Business Connectivity Services
  • You can create, read, update, delete, and query external line-of-business systems and do batch and bulk operations which reduces round trips dramatically.
  • You can create content types for external data and services.
  • There are more connective options including “plug and play” custom connectors and out-of-the-box connections to databases, Web/WCF services, .NET connectivity assemblies, and custom data sources.
Client Object Model
  • There are three new client APIs for interacting with SharePoint 2010 site; .NET managed application (Microsoft .NET Framework 3.5 or later), Silverlight applications (Microsoft Silverlight 2.0), and ECMAScript (JavaScript, JScript).
Events Improvements
  • Event handlers will be available for add and delete events on lists, add events on Web sites, and after events can now be either synchronous or asynchronous.
List Improvements
  • You can create a SharePoint lists that reads and manipulate data from an external data sources such as a SQL Server data table.

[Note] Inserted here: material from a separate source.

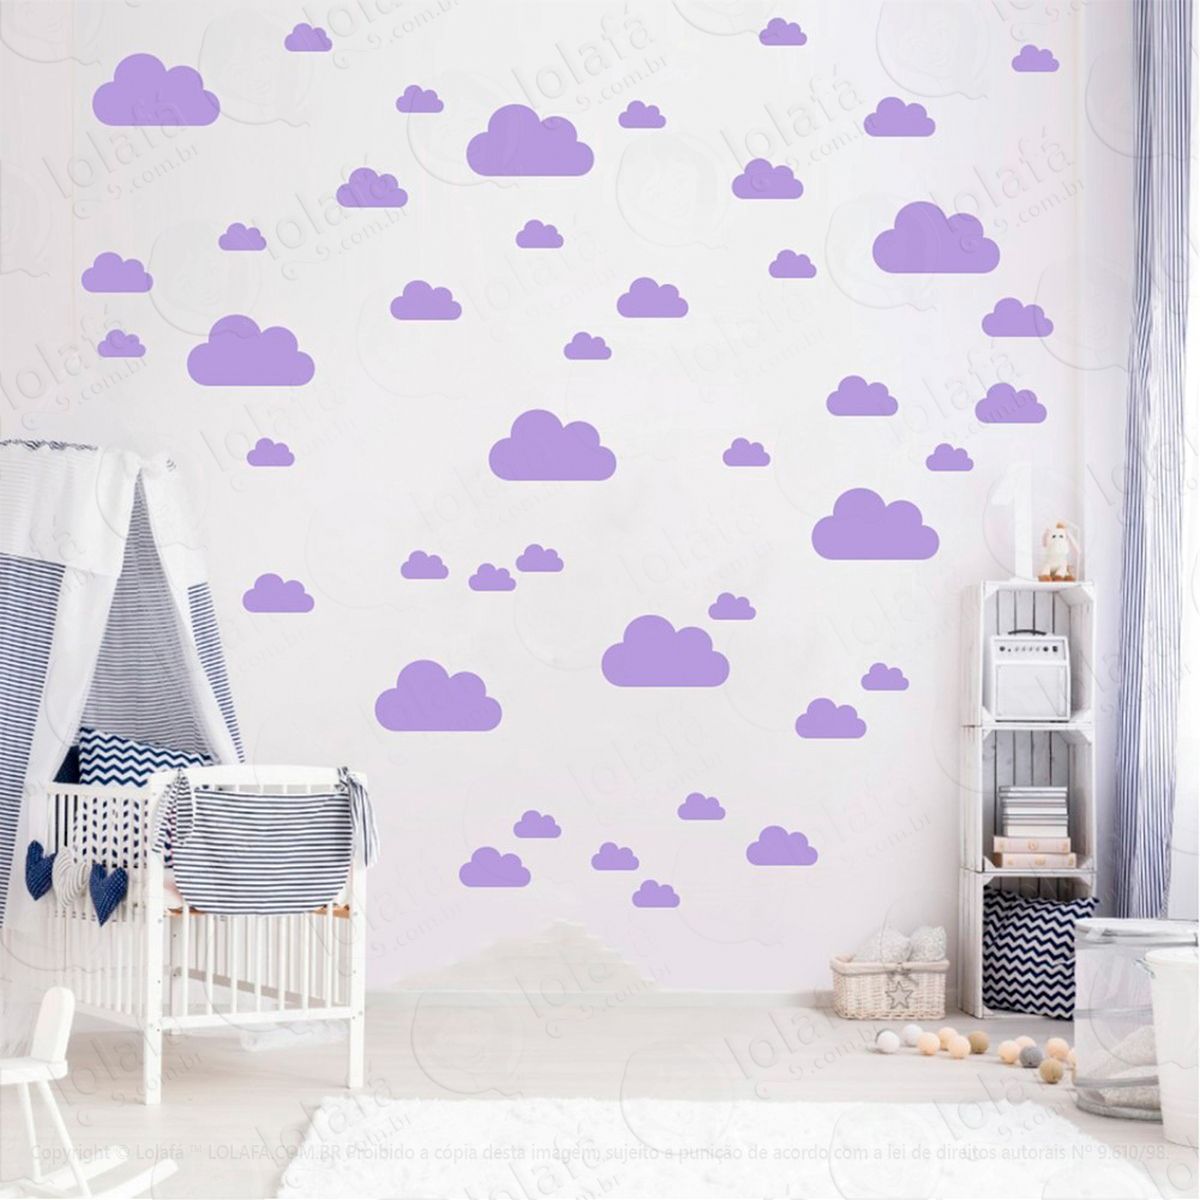 adesivos nuvens 78 peças adesivos para quarto de bebê infantil - mod:757

  • You can easily create relational lists using lookup fields and have cascading deletion.
  • Lists can now have duplicate or non- duplicate list items.
  • Lists can have custom column validation equations using VBScript.
  • Lists can now have navigation hierarchies and filters based on content types meaning you can have a document library that is broken down into sub-categories based on metadata in your content types.
Microsoft Synch Framework
  • The new Microsoft Sync Framework will allow SharePoint developers to synchronize offline files and data from external applications, services and devices with libraries or lists in SharePoint 2010.
Mobile Device Development Enhancements
  • Mobile Web Part Adapters in SharePoint 2010 allows developers to create adapter controls for Web Parts that you want to make available on mobile pages.
  • Mobile messages can now be sent as Short Messaging Service (SMS) message or Outlook Message Service (OMS) through the SharePoint API.
Query Enhancements
  • A new LINQ to SharePoint provider enables your code to query SharePoint lists from server code by using LINQ syntax.
  • CAML queries will now supports joining multiple lists in a single query and you can specify what list fields to include in the results.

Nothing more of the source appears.